The lesson we can take from the gospel today is one of love.   This story is about the essence of what it means to be a Christian.  It is not that we follow a set of rules or study to achieve scholarly and academic understanding of Scripture.  To be a Christian is to follow an inspiring person.   Jesus inspires us, so we follow him.  It is the characteristic that defines all Christians.

When Jesus begins calling together his disciples, he doesn’t set out for the nearest school of theological study.  He doesn’t seek out the most educated or learned of men.  He finds the simple fishermen.  And they drop everything and follow him because he impressed them.  They follow him for love, not because he has all the answers or for what they can gain from him.

In fact, there is not a single doctor of theology among the apostles.  There are five fishermen (Simon-Peter, Andrew, James the Elder, John, and Philip), a revolutionary (Simon the Zealot), a missionary (Bartholomew), a tax collector (Matthew), and four others whose occupations were not even worth mentioning (Thomas, James the Younger, Thaddeus, and Judas).  Jesus chooses to surround himself with those he loves, even when society tells him he should despise those very same people.

As human beings, we are not moved so much by principles and theories as we are by other human beings.  When others whom we love exhibit great ideals we strive to meet those ideals, as if our becoming better is a gift to them.  We do our best out of love for someone or loyalty to someone.  In this way we are no different than Simon-Peter and Andrew.  We sacrifice many things for those whom we love; those who make our hearts swell with gladness in their presence.  We act out of great love for our families, great friends, and, as Christians, for our God.
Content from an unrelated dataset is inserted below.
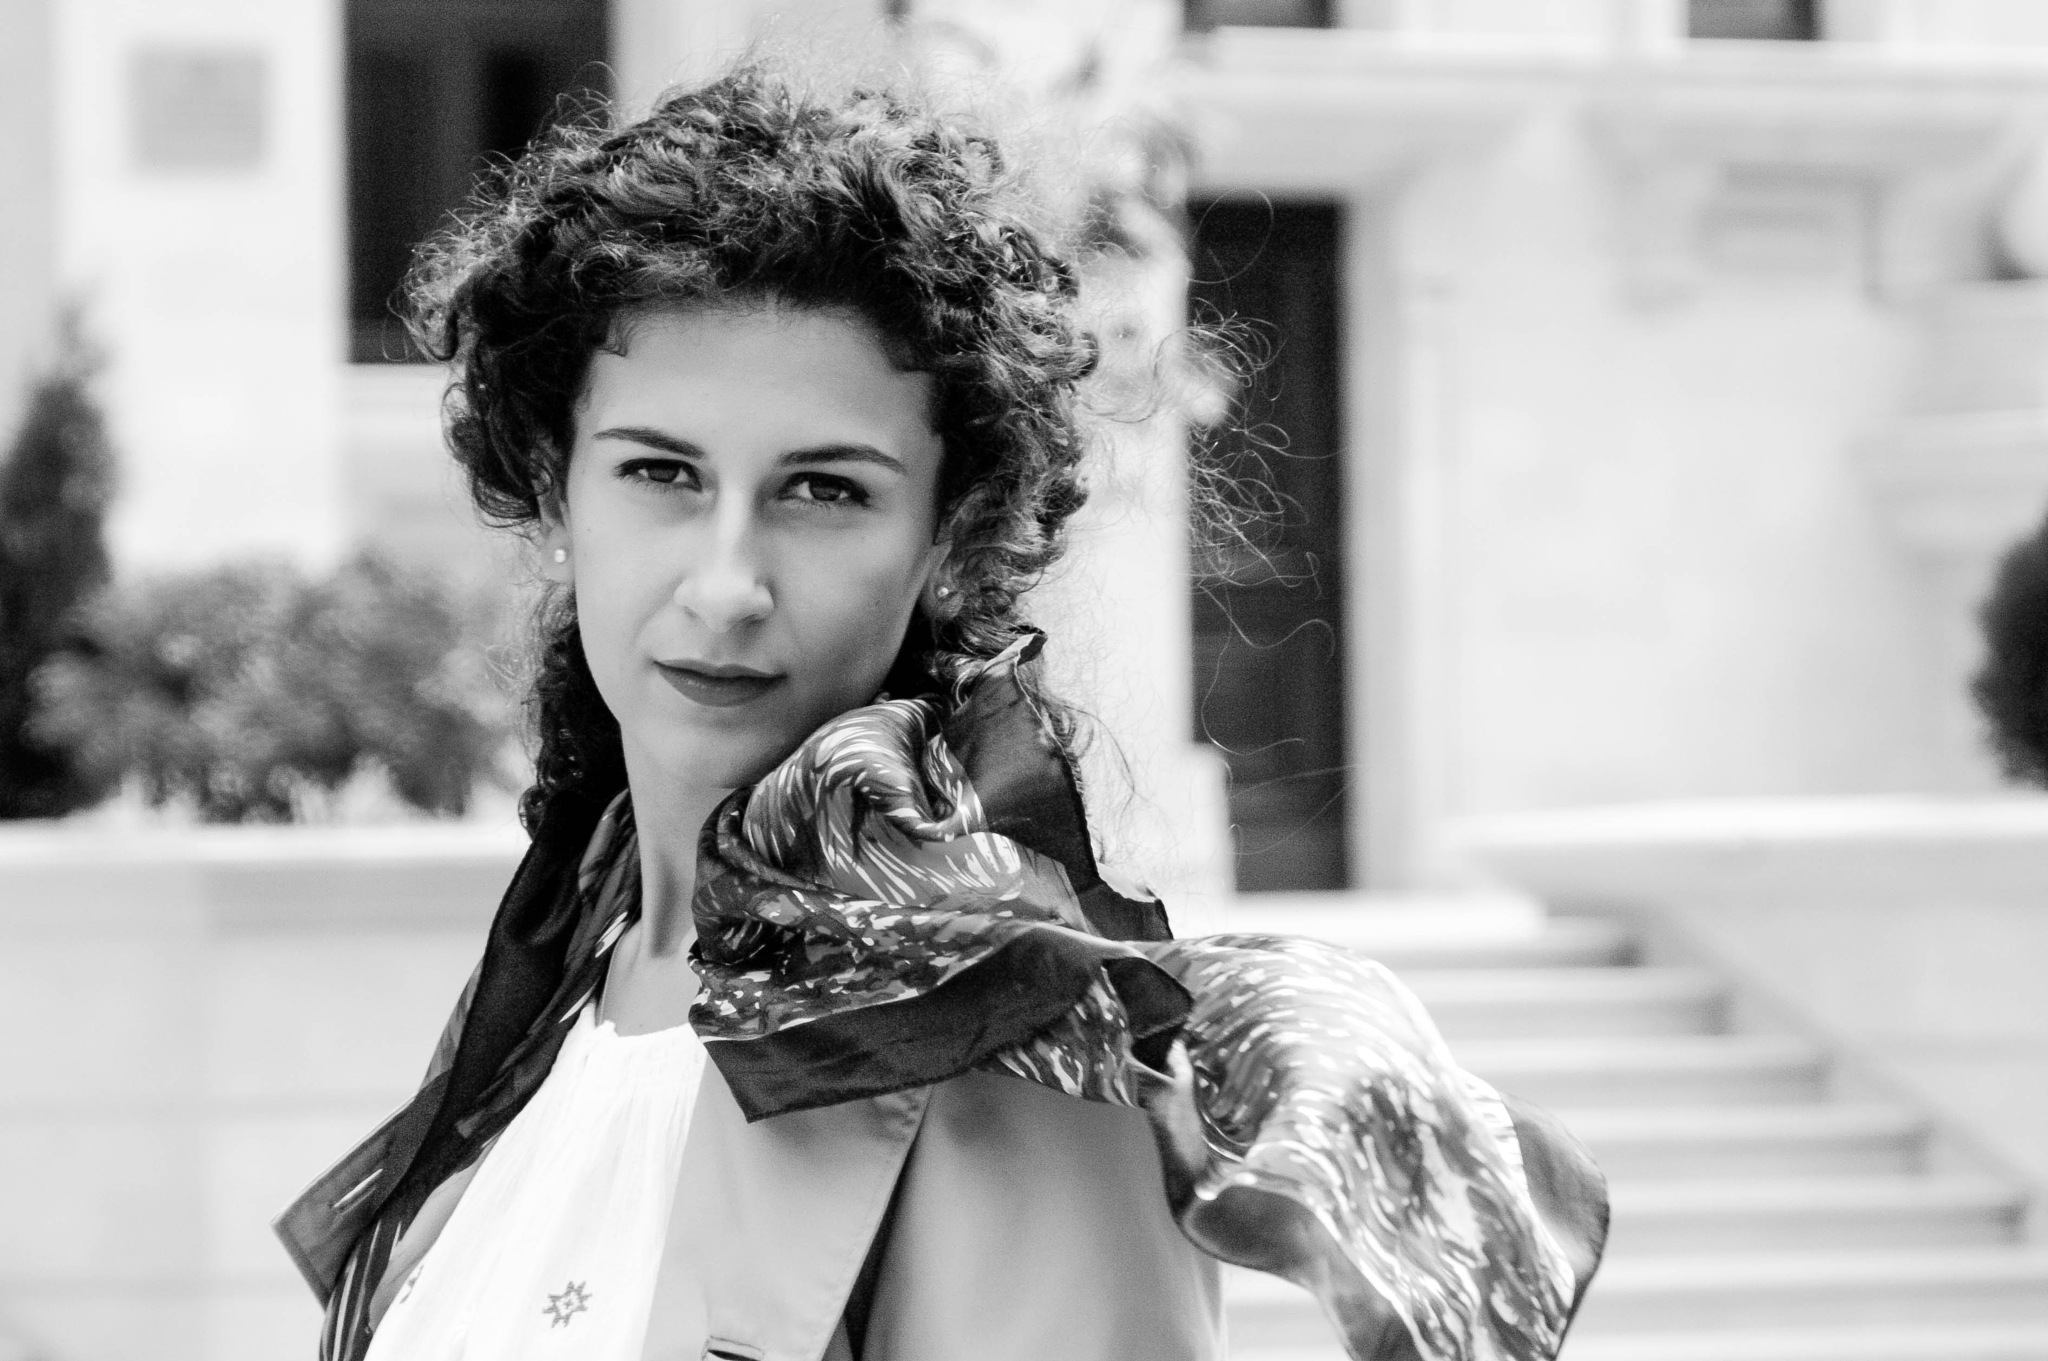 Girl with scarf by Teodor Bordeianu

The word “love” is repeated over 500 times in the Bible.  Obedience is mentioned only about 200 times.   God sent Jesus to us out of love, “For God so loved the world, that he gave his only begotten Son, that whoever believes in him shall not perish, but have eternal life” John 3:16.   It makes perfect sense, then, that when Jesus begins calling his disciples to him, they respond out of love.  After the death and resurrection of Jesus, John writes to the Christian community and clarifies that knowledge of God and love for one another are inseparable, “If we love one another, God lives in us and his love is made complete in us.” 1 John 4:12

Just as Jesus faced the demands of a culture that loathed the very things he sought to achieve, so we are often faced with a world that demands more of our time for individual and secular pursuits.  The definition of success in our daily lives is often at odds with what inspires us in the person of Jesus Christ.  I don’t doubt that the other fishermen in the boat with Simon-Peter and Andrew thought them fools when they cast down their nets.  I’m certain they commented to one another about the utter stupidity of the risk they perceived their friends to be taking.  But Simon-Peter and Andrew knew better.  They knew love.  Love they followed.  We can read today’s gospel and hear Jesus commanding and fishermen obeying.  Or, even better, we can hear Jesus inviting and Simon-Peter and Andrew accepting.

Prayerful study of the Gospels and what they say about Jesus teaches us that our faith is not an academic exercise but a matter of falling in love with and following an inspiring person.    As Christians we are not just believers in a collection of teachings and obligations, but followers of an impressive, entirely loveable, inspiring individual, Jesus Christ.